You are viewing a plain text version of this content. The canonical link for it is here.
Posted to commits@pig.apache.org by ga...@apache.org on 2010/04/24 02:59:20 UTC
svn commit: r937570 - in /hadoop/pig/trunk/contrib: ./
piggybank/java/src/main/java/org/apache/pig/piggybank/evaluation/util/
piggybank/java/src/test/java/org/apache/pig/piggybank/test/evaluation/util/
Author: gates
Date: Sat Apr 24 00:59:20 2010
New Revision: 937570
URL: http://svn.apache.org/viewvc?rev=937570&view=rev
Log:
PIG-1385 UDF to create tuples and bags.
Added:
hadoop/pig/trunk/contrib/piggybank/java/src/main/java/org/apache/pig/piggybank/evaluation/util/ToBag.java
hadoop/pig/trunk/contrib/piggybank/java/src/main/java/org/apache/pig/piggybank/evaluation/util/ToTuple.java
hadoop/pig/trunk/contrib/piggybank/java/src/test/java/org/apache/pig/piggybank/test/evaluation/util/TestToBagToTuple.java
Modified:
hadoop/pig/trunk/contrib/CHANGES.txt
Modified: hadoop/pig/trunk/contrib/CHANGES.txt
URL: http://svn.apache.org/viewvc/hadoop/pig/trunk/contrib/CHANGES.txt?rev=937570&r1=937569&r2=937570&view=diff
==============================================================================
--- hadoop/pig/trunk/contrib/CHANGES.txt (original)

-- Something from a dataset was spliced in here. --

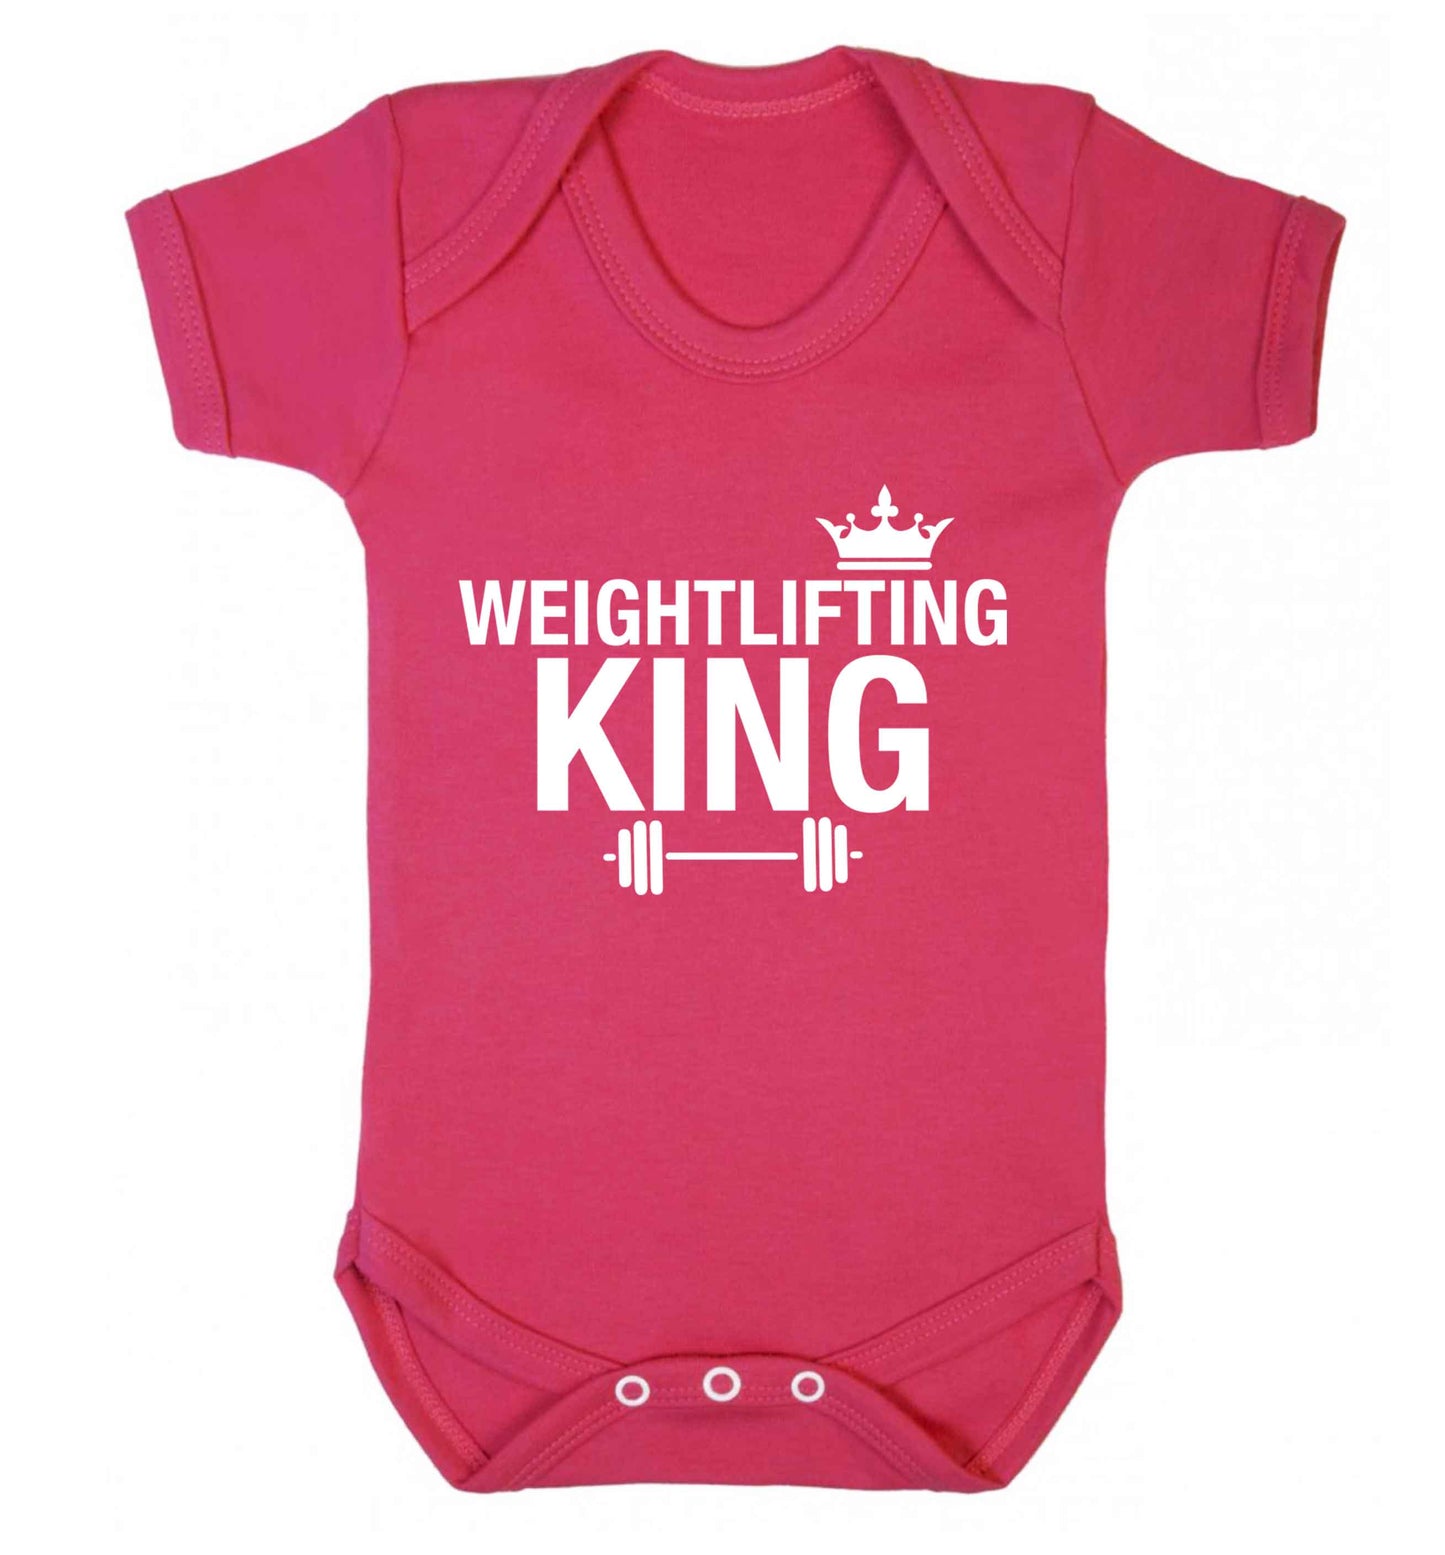 Weightlifting king Baby Vest dark pink 18-24 months

+++ hadoop/pig/trunk/contrib/CHANGES.txt Sat Apr 24 00:59:20 2010
@@ -24,6 +24,8 @@ INCOMPATIBLE CHANGES
IMPROVEMENTS
+PIG-1385 UDF to create tuples and bags (hcbusy via gates)
+
PIG-1331 Add Owl as a contrib project (ajaykidave via gates)
OPTIMIZATIONS
Added: hadoop/pig/trunk/contrib/piggybank/java/src/main/java/org/apache/pig/piggybank/evaluation/util/ToBag.java
URL: http://svn.apache.org/viewvc/hadoop/pig/trunk/contrib/piggybank/java/src/main/java/org/apache/pig/piggybank/evaluation/util/ToBag.java?rev=937570&view=auto
==============================================================================
--- hadoop/pig/trunk/contrib/piggybank/java/src/main/java/org/apache/pig/piggybank/evaluation/util/ToBag.java (added)
+++ hadoop/pig/trunk/contrib/piggybank/java/src/main/java/org/apache/pig/piggybank/evaluation/util/ToBag.java Sat Apr 24 00:59:20 2010
@@ -0,0 +1,61 @@
+/*
+ * Licensed to the Apache Software Foundation (ASF) under one
+ * or more contributor license agreements. See the NOTICE file
+ * distributed with this work for additional information
+ * regarding copyright ownership. The ASF licenses this file
+ * to you under the Apache License, Version 2.0 (the
+ * "License"); you may not use this file except in compliance
+ * with the License. You may obtain a copy of the License at
+ *
+ * http://www.apache.org/licenses/LICENSE-2.0
+ *
+ * Unless required by applicable law or agreed to in writing, software
+ * distributed under the License is distributed on an "AS IS" BASIS,
+ * WITHOUT WARRANTIES OR CONDITIONS OF ANY KIND, either express or implied.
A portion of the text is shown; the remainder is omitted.